In our model, a single algorithm explains the differential behavior with valid and random cues. Assuming that the average value of the schedule states is a measure of overall motivation, the model predicts that the overall motivation is similar in the valid and random cue conditions. The difference in performance in the two paradigms is a consequence of the non-linear (sigmoidal) shape of the performance function Equation 1 (cf. Figure 4C). The finding that the same overall level of motivation leads to different patterns of error rates with valid and random cues is not built into the model but is an emergent property of the learning process.

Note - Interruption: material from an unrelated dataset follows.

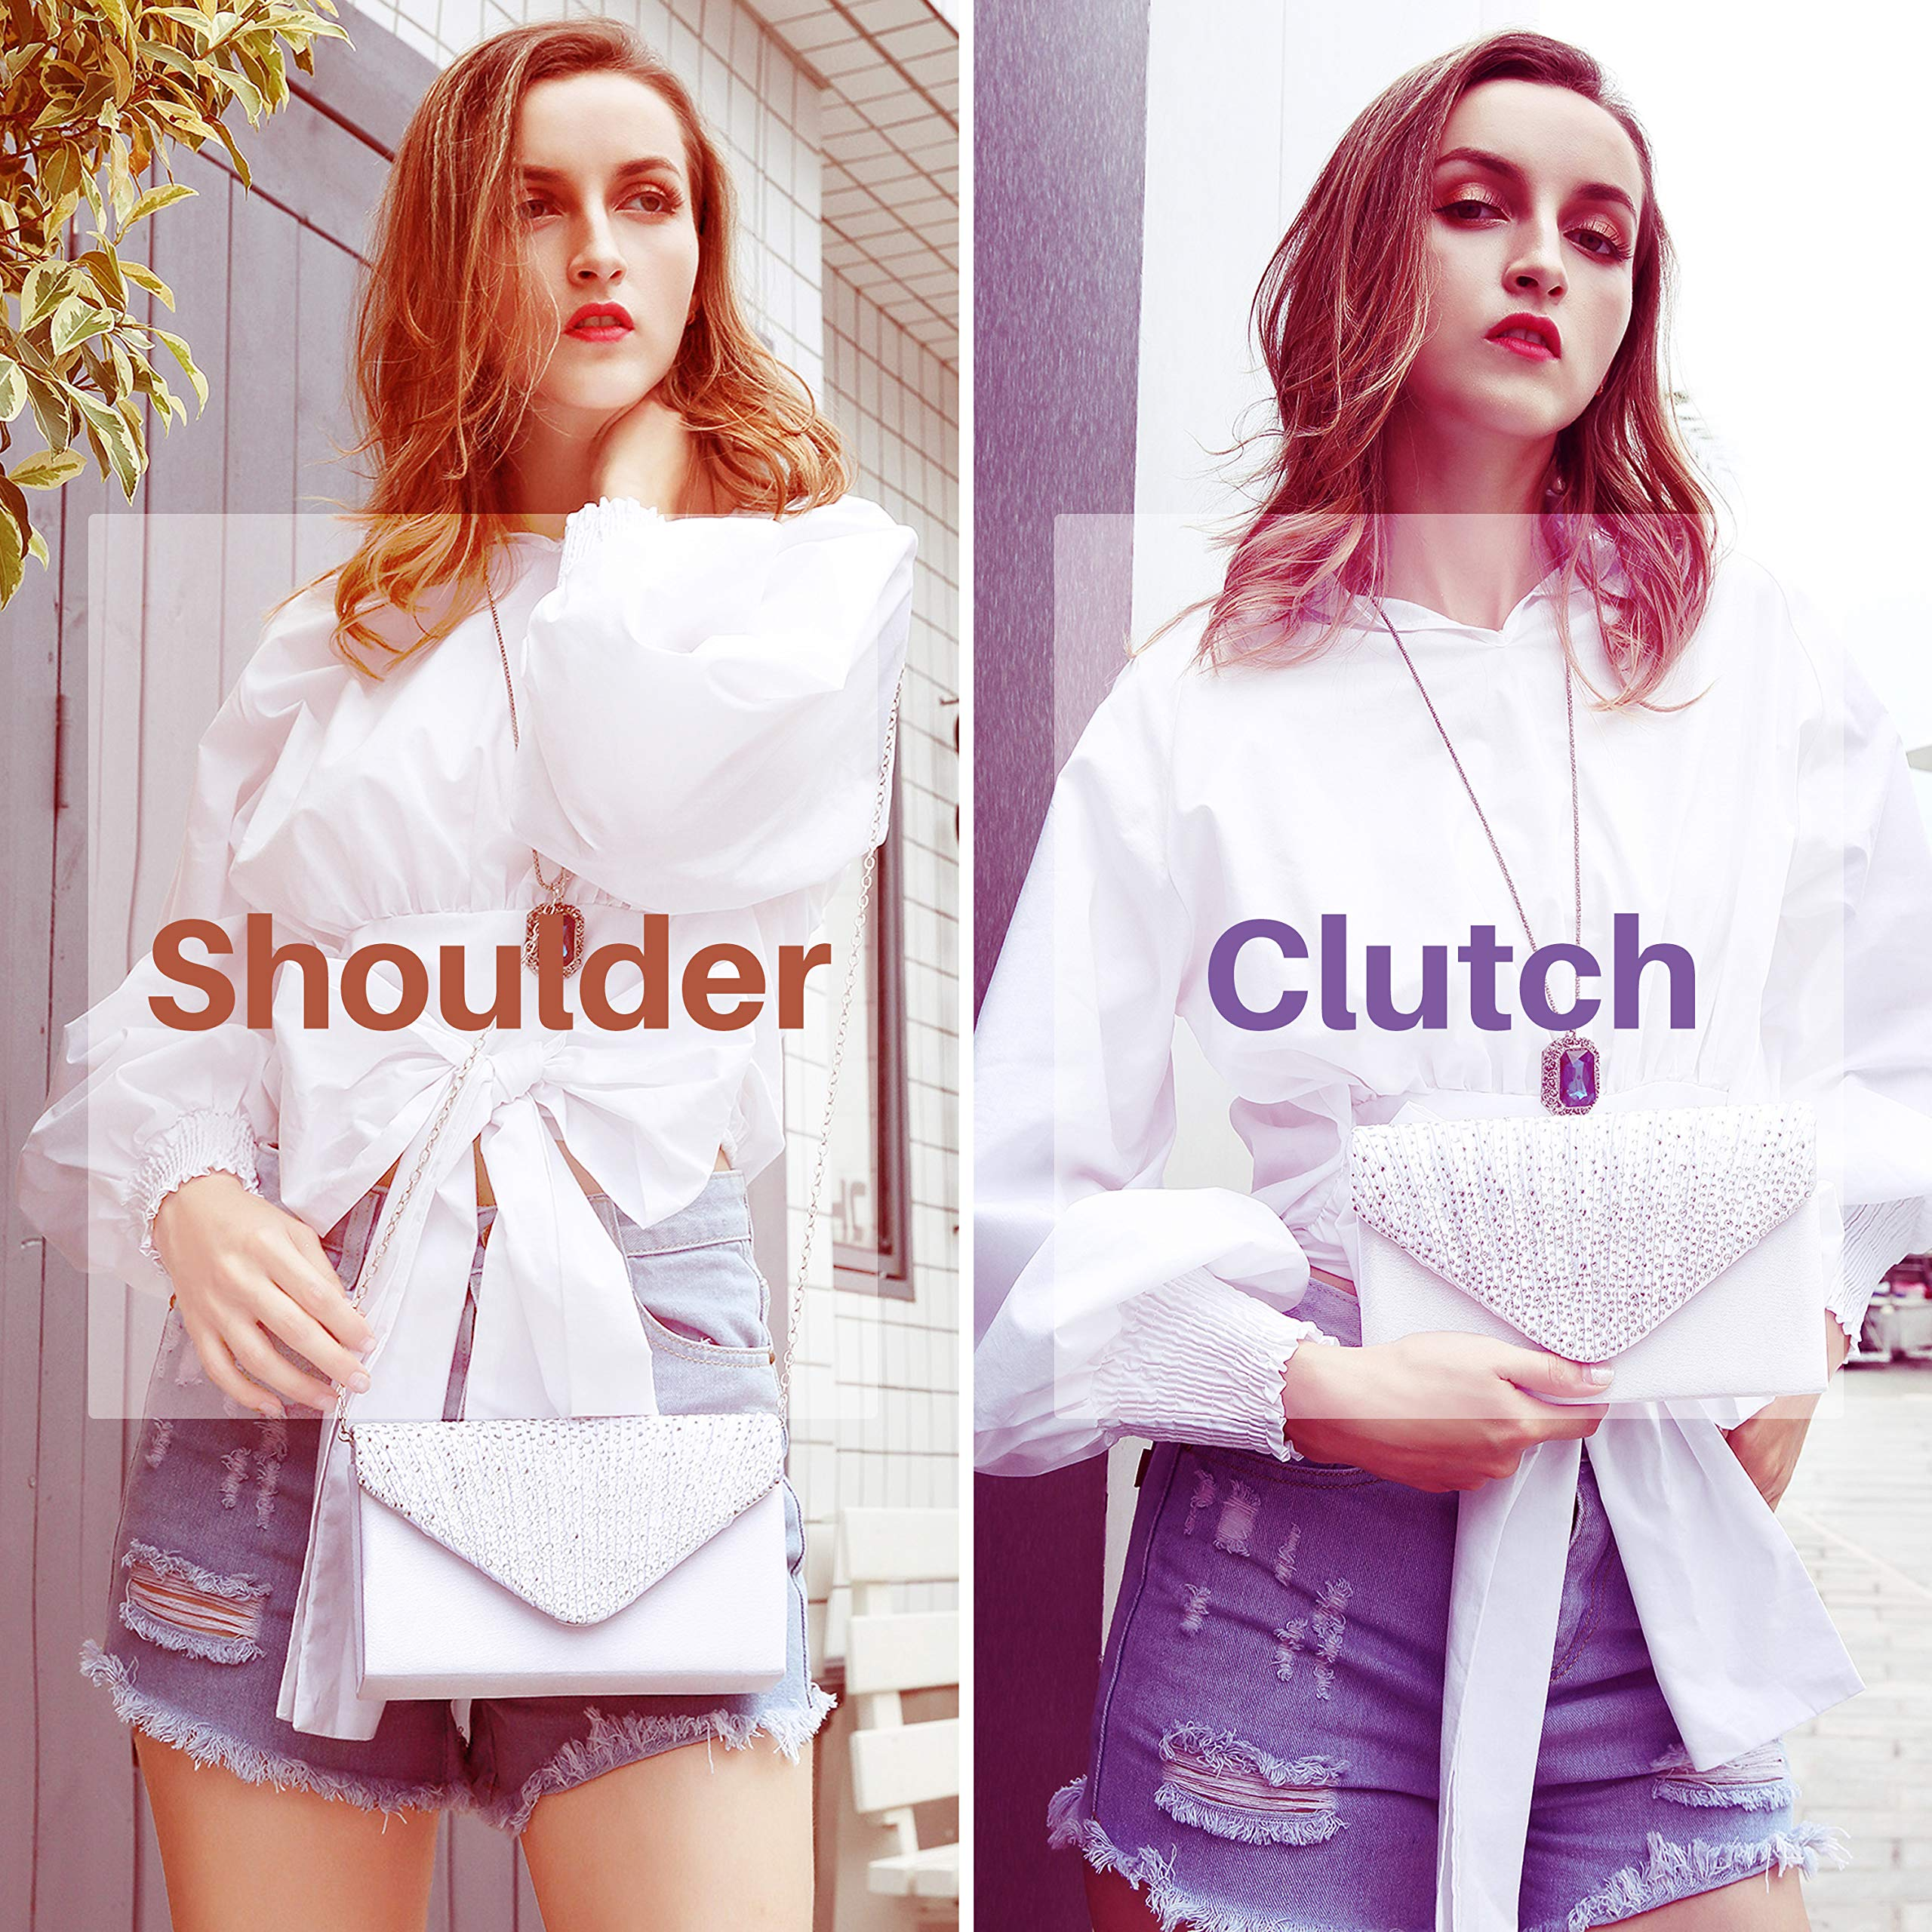 Milisente Clutch Purses for Women evening Glitter Wedding Purse Crystal Envelope Clutches Shoulder Bags (White) by Milisente (Image #2)

The context-sensitive model also predicts that, although the behavior appears to be the same in all terminal trials, terminal trials may acquire different values (see, e.g., Equation 9). This difference is not reflected in the behavior since the latter depends on both the values (which might be different) and the performance function (Equation 1), which tends to remove value differences in the high value region (Figure 4C). In this region the performance function (or its complement) is almost flat and slight differences in value will be unlikely to produce observable differences in error rate.

The context-sensitive behavior is also an emergent property of the model. The model does not change the definition of the schedule states to accommodate their contextual meaning. Valid cues come to “label” the schedule states via predictive learning. The basic model translates these labels into a pattern of motivational values and error rates which only depend on reward proximity, and thus are the same in penultimate trials. This symmetry is broken in the context-sensitive model as a consequence of generalizing the temporal difference so as to look backwards as well as forward, and not through a redefinition of the schedule states.

It might seem at first that the model does not take into account the cost of performing a trial, i.e., the cost of releasing the bar at the GO signal. In fact, this cost could be interpreted as the origin of the residual, non-zero error rate given by the performance function (Equation 1) when the values are maximal (approximately, the error rate in validly-cued rewarded trials). It is also possible to implement this cost so as to affect the values of each state, *V*(*S*)→*V*(*S*)−*c*, where *c* stands for cost. However, since the cost of the action is the same for all trials, it could not account for the differential error rates in different schedule states.

### Inadequacy and Generalization of Standard TD Learning

Our analysis unveils the inadequacy of standard TD learning for the reward schedule task. The general statement can be proved that it is not possible to capture the schedule length effect with RL methods inspired to TD learning, including TD(*λ*) [27], if these only take into account the values of trials remaining in the current schedule (cfr. Equation 4; see Materials and Methods for details). Thus, for a method based on temporal differences to capture the schedule length effect, its learning prescription must have access either to the value of a past trial in the current schedule, as proposed in this manuscript, or to the value of a trial belonging to a different schedule, a method that is not clear how to generalize beyond the reward schedule task.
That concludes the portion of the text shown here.